Information shown:

□ □ □

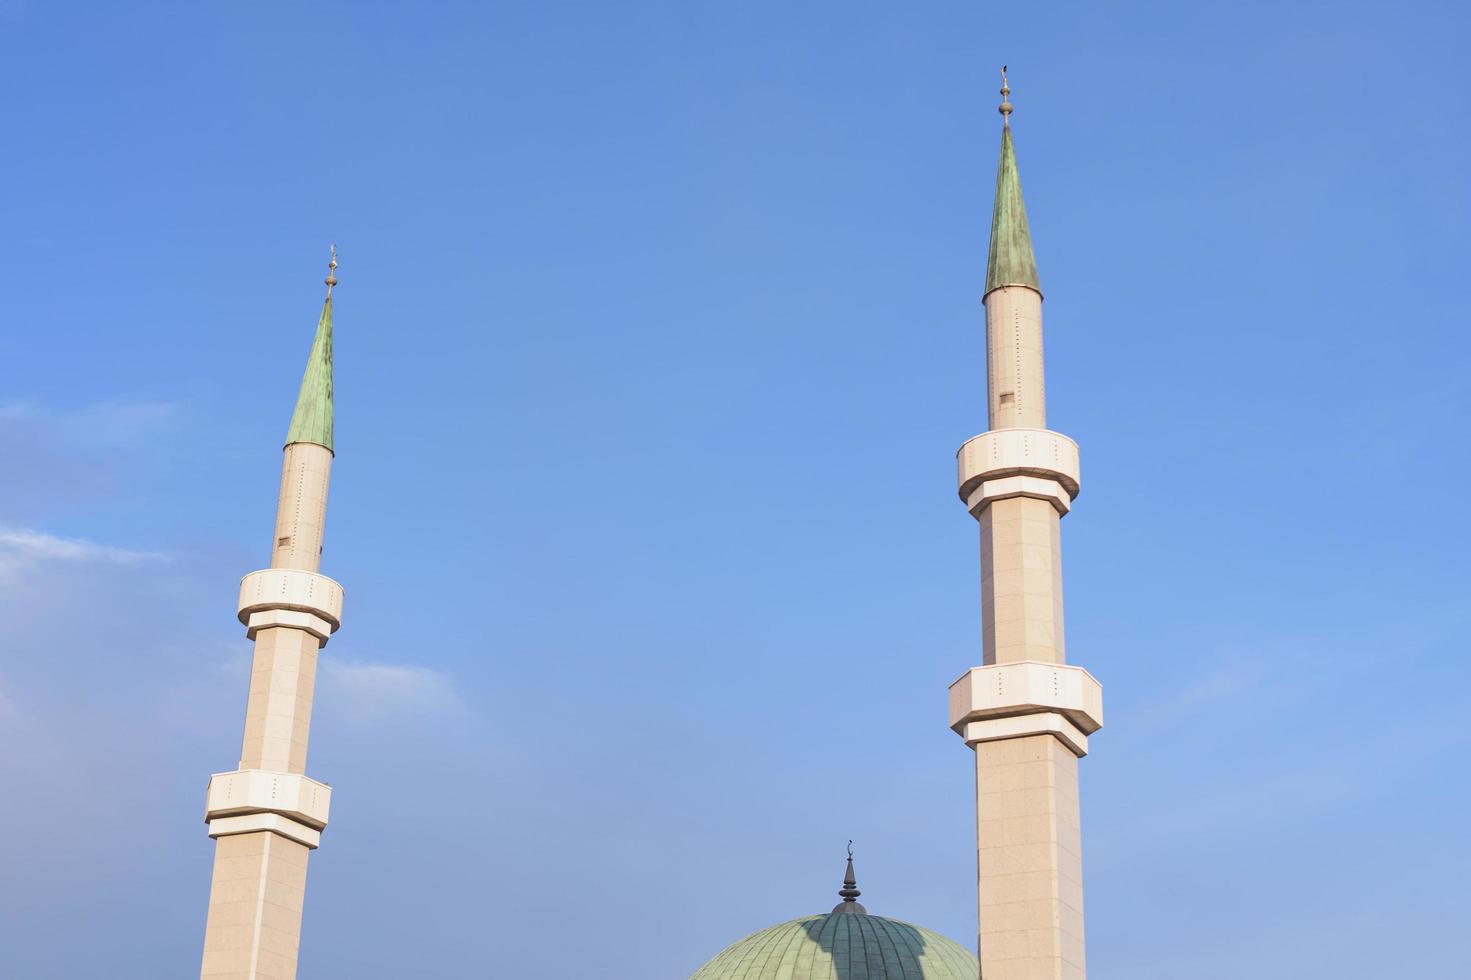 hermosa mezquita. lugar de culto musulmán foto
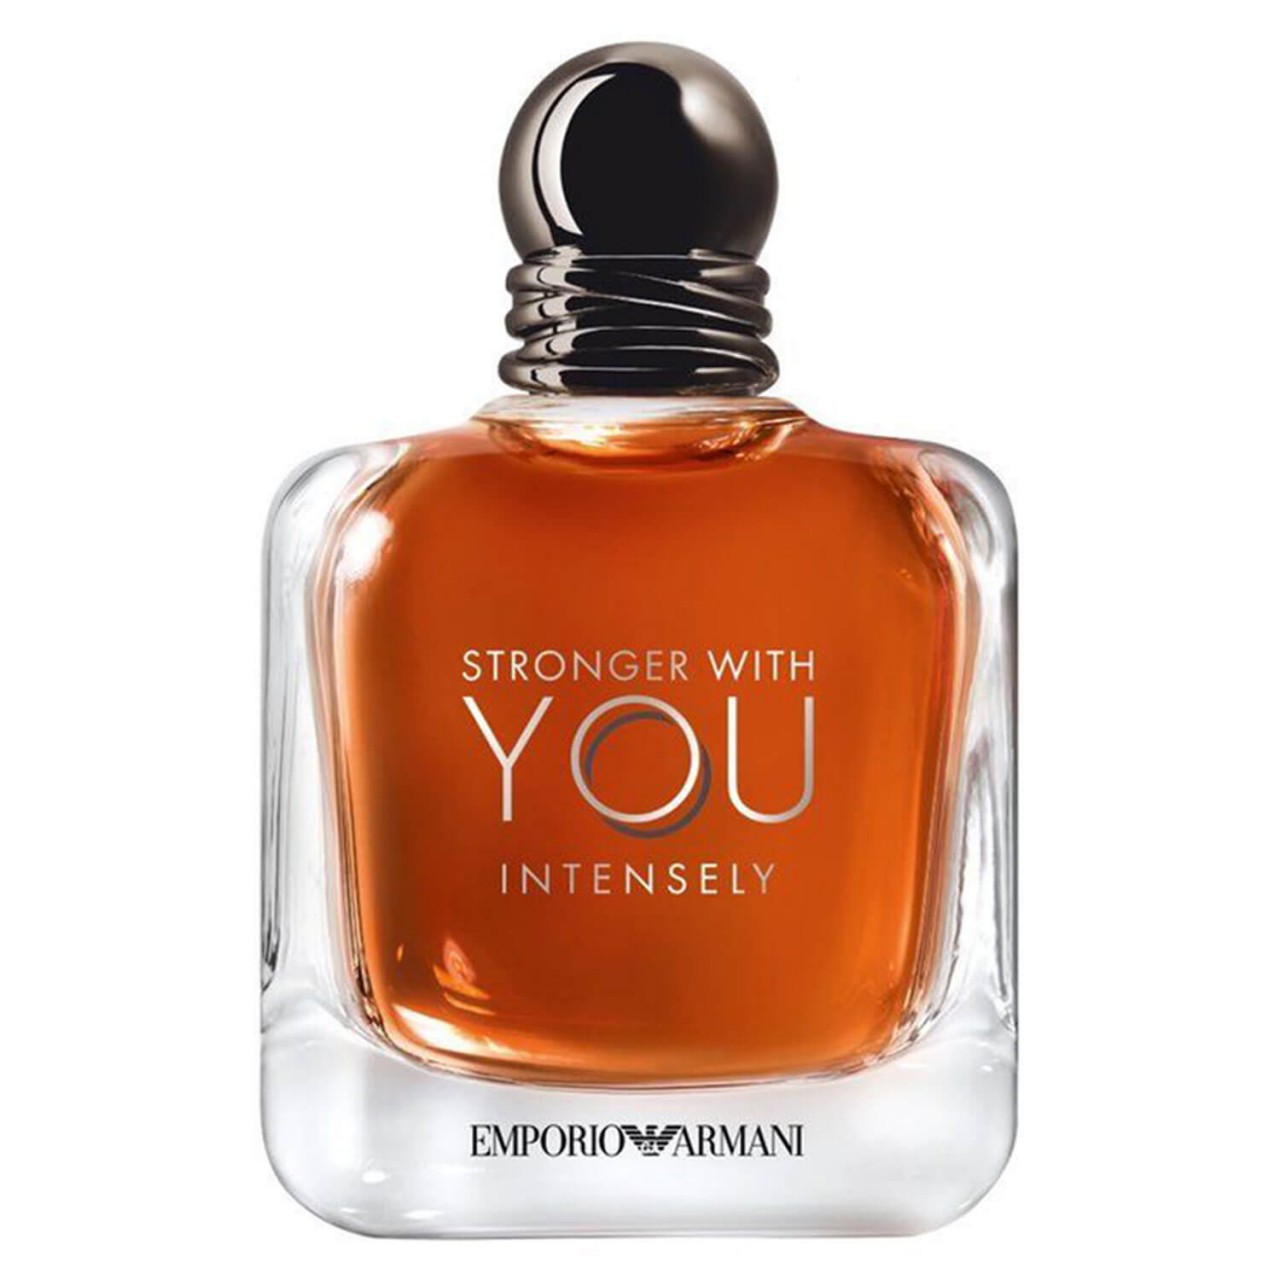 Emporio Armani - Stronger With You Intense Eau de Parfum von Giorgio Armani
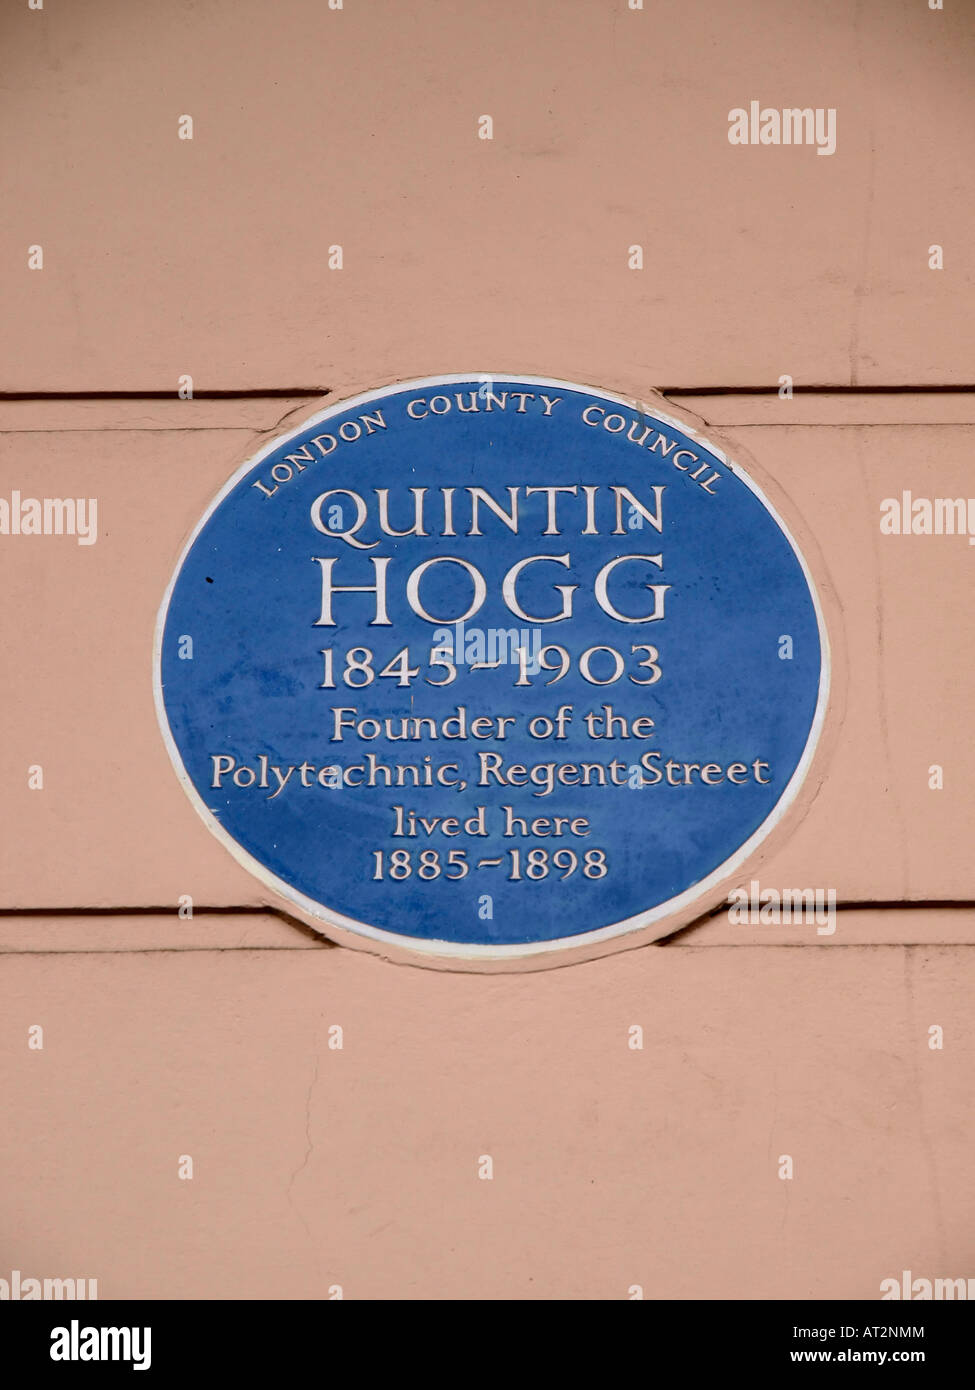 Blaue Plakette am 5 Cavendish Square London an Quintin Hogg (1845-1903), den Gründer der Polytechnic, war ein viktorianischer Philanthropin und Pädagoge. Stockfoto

□ □ □

What you should do: All of the data above should be printed again exactly, though none of the pictures belong in the copy.

Exercise response:
 hermosa mezquita. lugar de culto musulmán foto
 Emporio Armani - Stronger With You Intense Eau de Parfum von Giorgio Armani
 Blaue Plakette am 5 Cavendish Square London an Quintin Hogg (1845-1903), den Gründer der Polytechnic, war ein viktorianischer Philanthropin und Pädagoge. Stockfoto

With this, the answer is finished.